Comment by timw4mail

3 years ago

And how is Chrome not the new Internet Explorer?

Because it's been less than 6 years since the last Chrome update. Probably less than 6 weeks even.

I'm not a fan of Chrome though. But the problems with Chrome are not identical to the problems of IE.

Because Firefox exists. And anyone can use Chromium to compete with Chrome fairly rapidly.

It’s not the new IE. In my mind it’s worse than the new IE because it achieves similar goals as the IE abuse but without necessarily doing anything illegal.

  • Mozilla and Opera existed at the time, as well as a bountiful amount of IE shells which essentially acted as the Chromium derivative equivalents. Outside of Chrome (technically) shipping the same binaries across all the platforms it supports, and using scope creep in a more subtle way compared to 90s-era IE, I don't see how the situation is materially different between now and then.

    • This is not exactly right. Netscape Navigator was the original browser. Microsoft invested a lot of money to bring IE up to par and exceed Netscape’s capabilities. And once they wiped out Netscape they coasted and used IE as a Trojan horse to control the web. It was after IE6’s stagnation that Firefox was spun out of Netscape and took some time to compete. Firefox was first released in 2004 and IE6 in 2001. Opera which had been around was proprietary. To the extent they were interested in making the internet a better place it was only to serve their company interests.

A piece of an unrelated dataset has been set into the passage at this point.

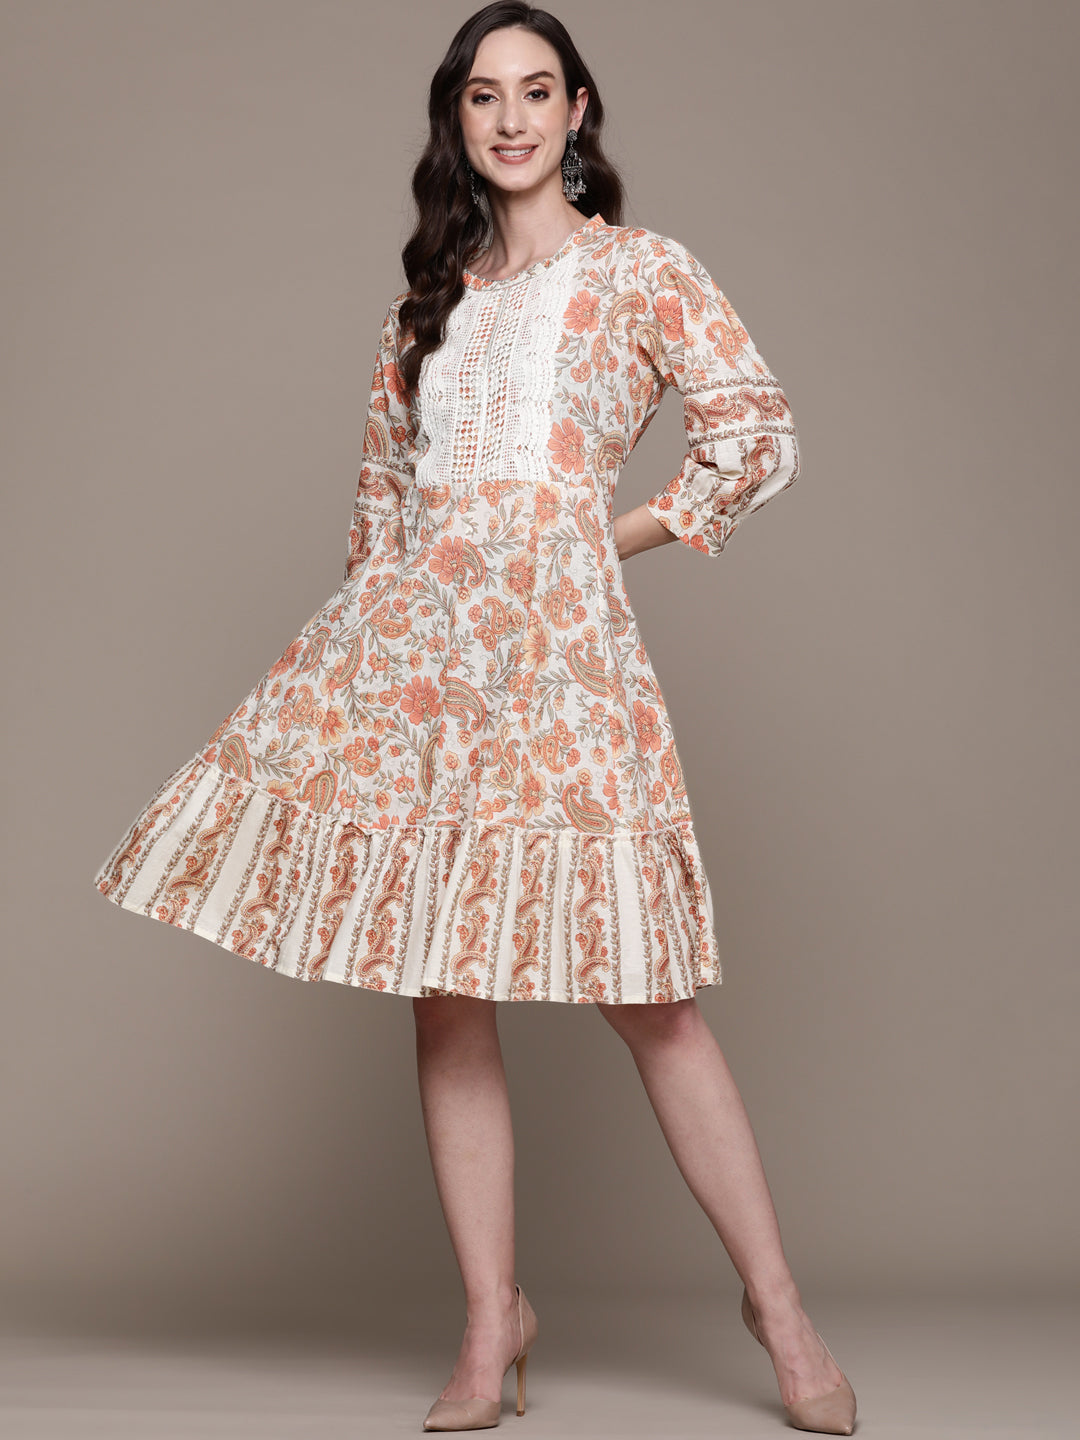 Ishin Women's Cotton Multicolor Embroidered A-Line Dress

      Thars very different from the situation we have now where Firefox is well known and open source, and even Chromium’s open source so it can be leveraged by better stewards of the internet.

      Don’t get me wrong. My argument is not that Google is better than Microsoft. My argument is simply that the situation we’re facing right now is very different from the IE era. If anything, I’m arguing that the Chrome era is worse because of how much more insidious Google’s actions are.

      It was easy for the EU to essentially eliminate the IE threat by forcing MS to unbundle IE and for Firefox (and later chrome) to replace IE purely on the basis of providing a better software. Replacing Chrome on the other hand is a very different kind of problem that is possibly much harder.

  • Firefox is barely surviving. Skinning Chromium hardly counts as competing with Chrome.

    I agree with you that Chrome is even worse than IE ever was. Mostly because Google is much smarter than MS was when it comes to ensuring market dominance. It will be much harder to dethrone Google, simply because Chrome is a much better product.

Chrome is not baked into the operating system.

  • Maybe not yours, but it's baked into the operating systems used by billions of phones (Android) and millions of kids/others with generally lower tech literacy who may not have great context on the privacy implications of these changes (ChromeOS)?